6
votes

Elasticsearch allows for searching of similar documents via its "more-like-this" (MLT) query. I'm trying to better understand and tune the query to find similar documents better.

While experimenting with it, I've found that the result from a single MLT query with multiple fields yields different results from a boolean of multiple MLT queries with one field each. Samples below (truncated):

Single MLT query with multiple fields

es.search(index=INDEX_NAME, body = {'query': {
    "more_like_this" : {
        "fields" : ['title', 'category_name', 'brand'],
        "like" : []
        }
    }
})

Multiple MLT queries with single field

es.search(index=INDEX_NAME, body = {'query': {
    'bool': {
                'should': [
                    {'more_like_this' : {
                    'fields' : ['title'],
                    'like' : [],
                    }},

                    {'more_like_this' : {
                    'fields' : ['category_name'],
                    'like' : [],
                    }},

                    {'more_like_this' : {
                    'fields' : ['brand'],
                    'like' : [],
                    }},
                ]
            }
    }
})

Why does this happen?

I understand that the MLT query would combine the text from all the fields listed in a single query to search through the documents.

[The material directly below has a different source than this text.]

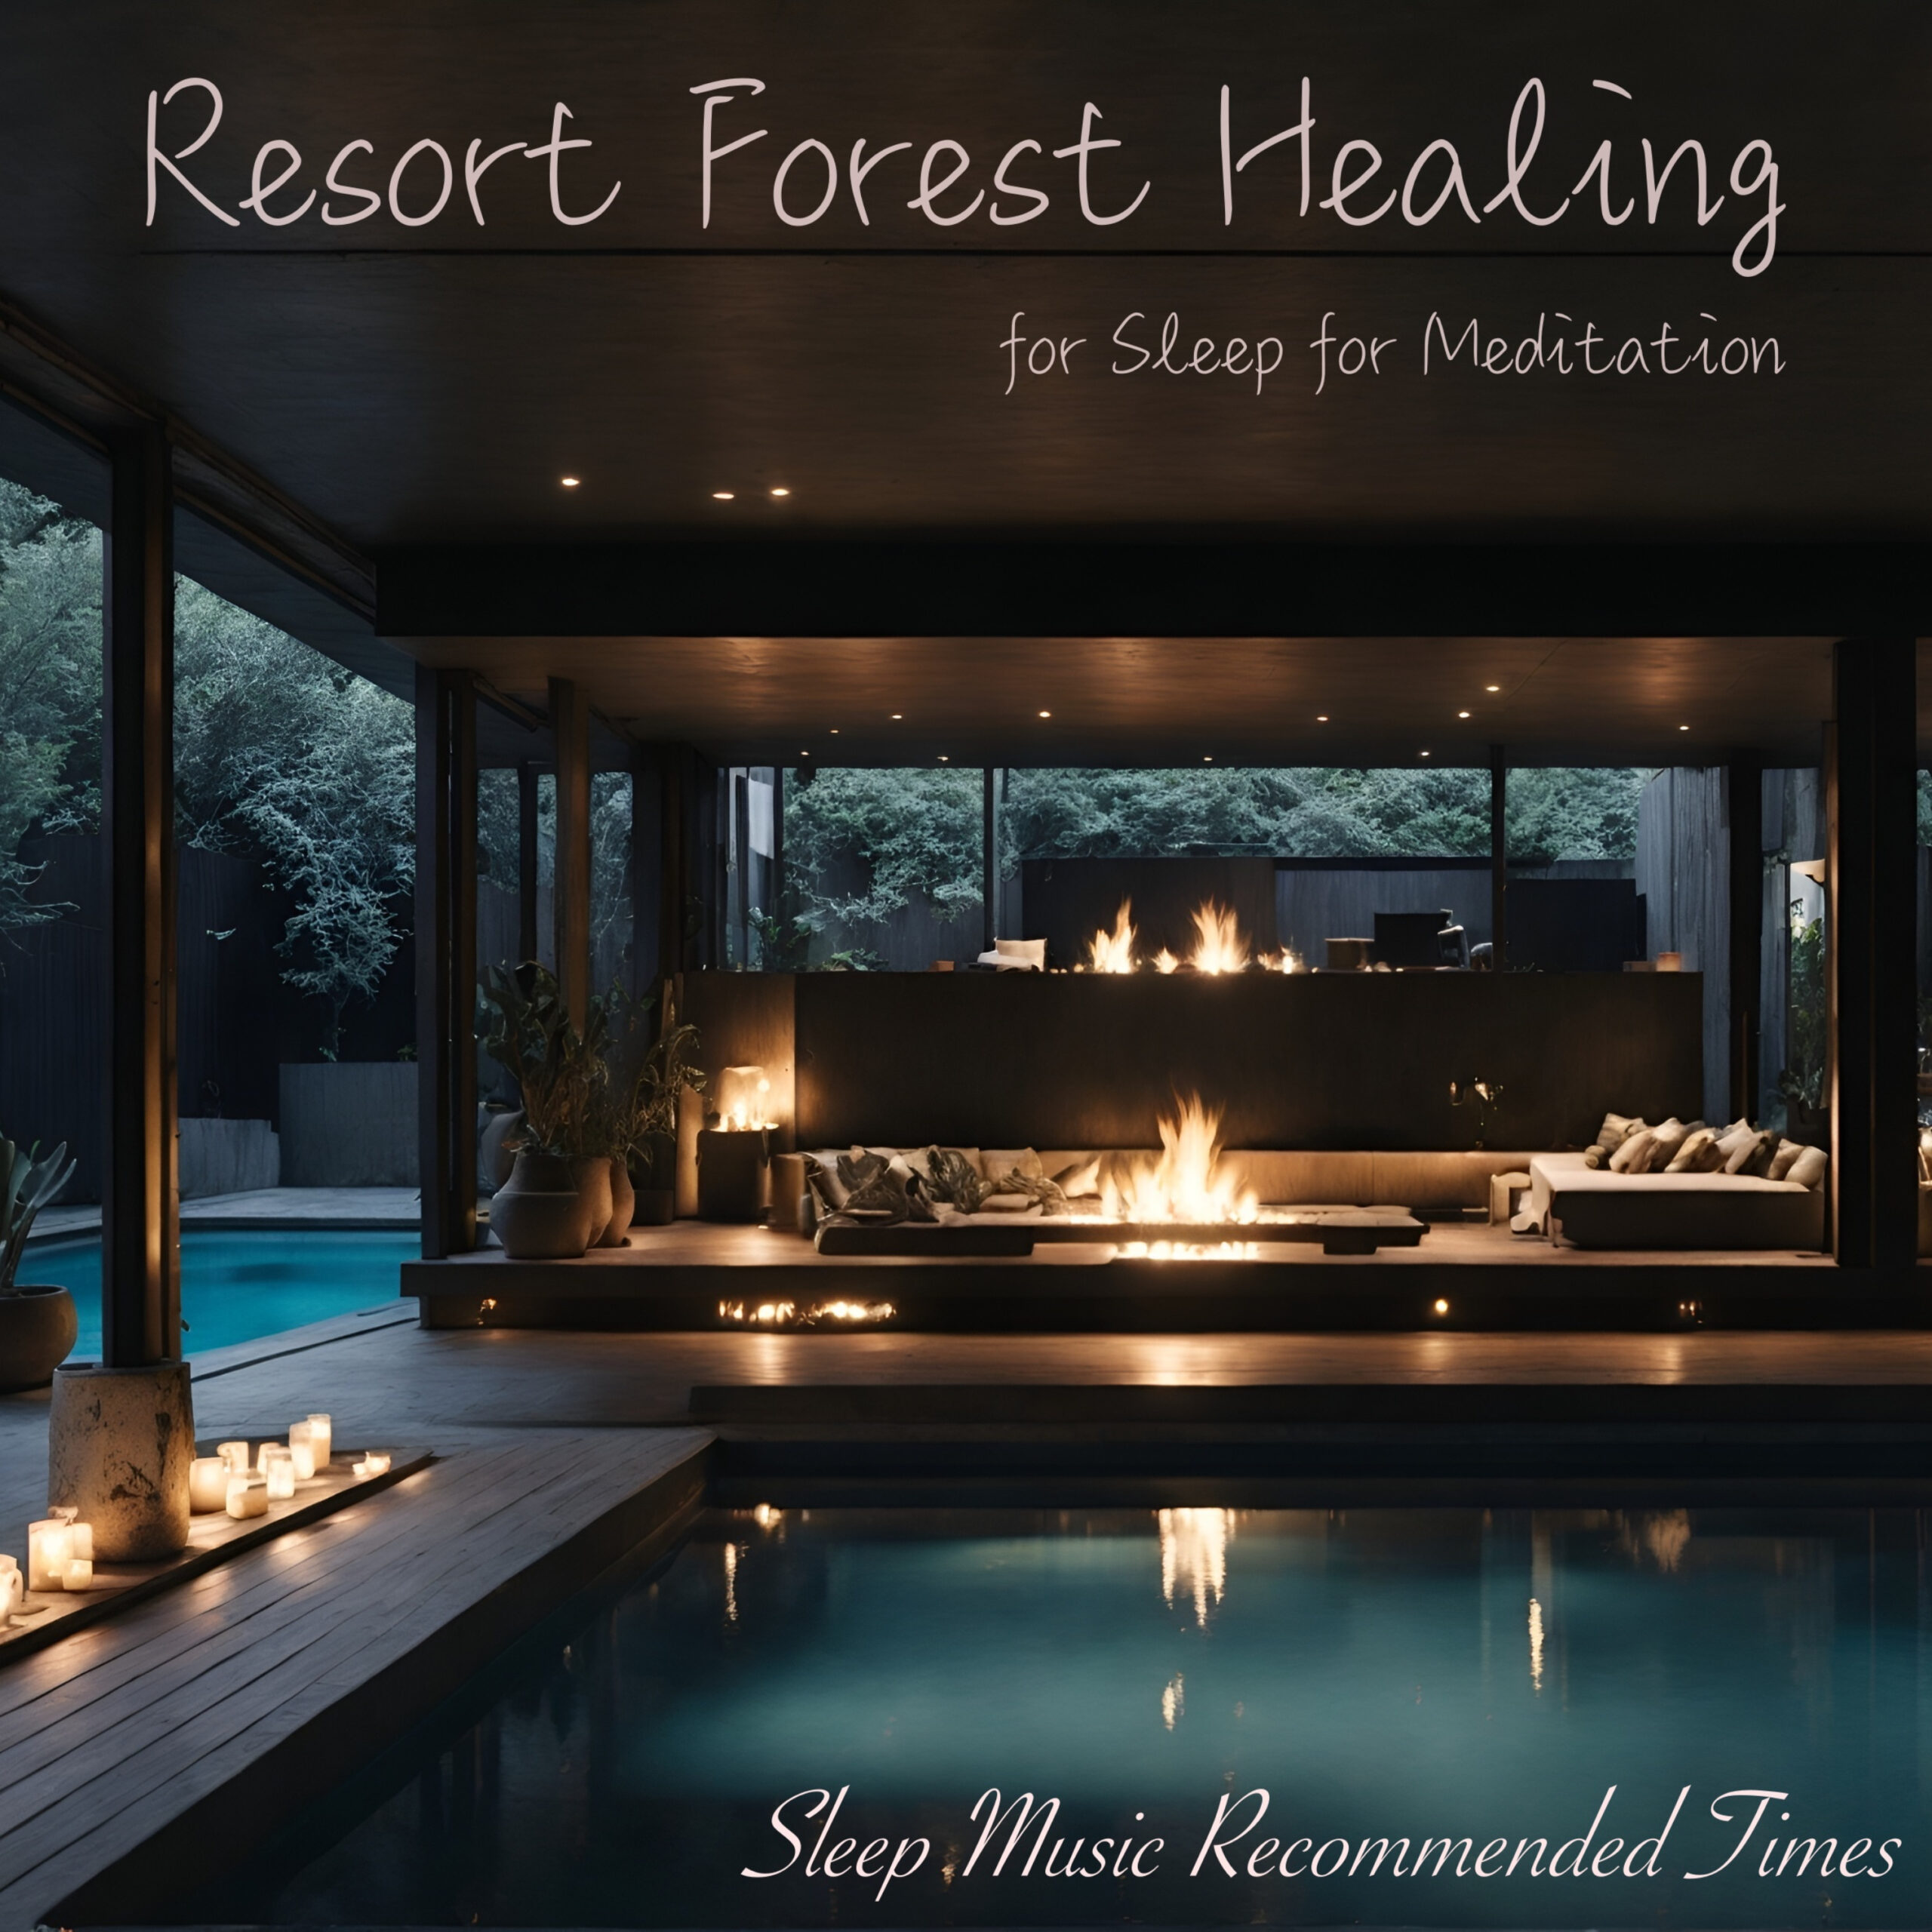 Resort Forest Healing for Sleep for Meditation 睡眠リラックスピアノで癒しのひとときを

However, there is no overlap of text in the title, category_name, and brand field. Thus, the results should be the same. However, the results are different--the multiple MLT queries works better btw.

I apologise if this question has no straight forward solution. I'm looking for greater understanding from elastic gurus on how to improve returned queries.

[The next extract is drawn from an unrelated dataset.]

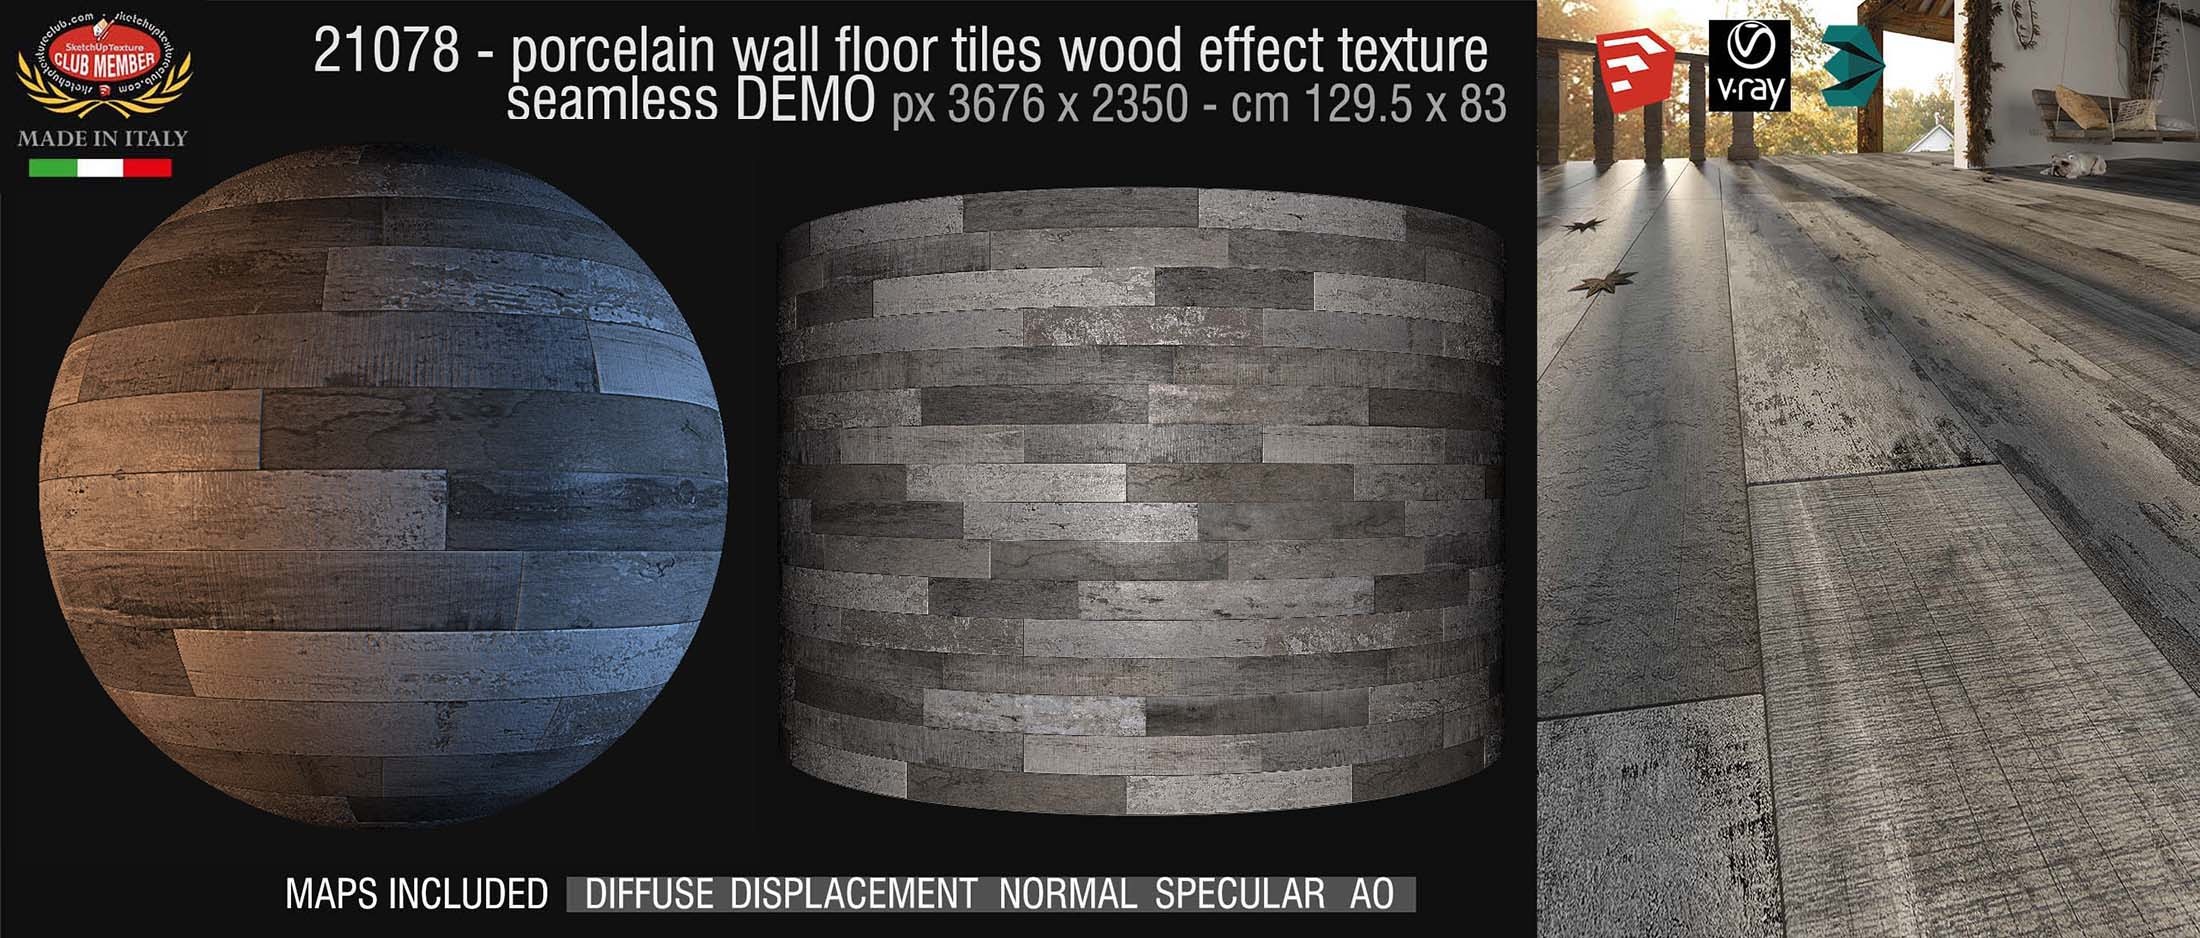 21078 Porcelain wall floor tiles wood effect PBR texture seamless DEMO

If you have time, here's a previous question I posted on MLT which remains unanswered: Elasticsearch "more_like_this" query specific to fields

1

1 Answers

0
votes

If I understand correctly, the normalization process happens within fields vs across fields in the two different cases. The score gets normalized by the length of the field string, the number of occurrences, etc. If this varies widely across fields then you would not expect the result of the two queries to be the same.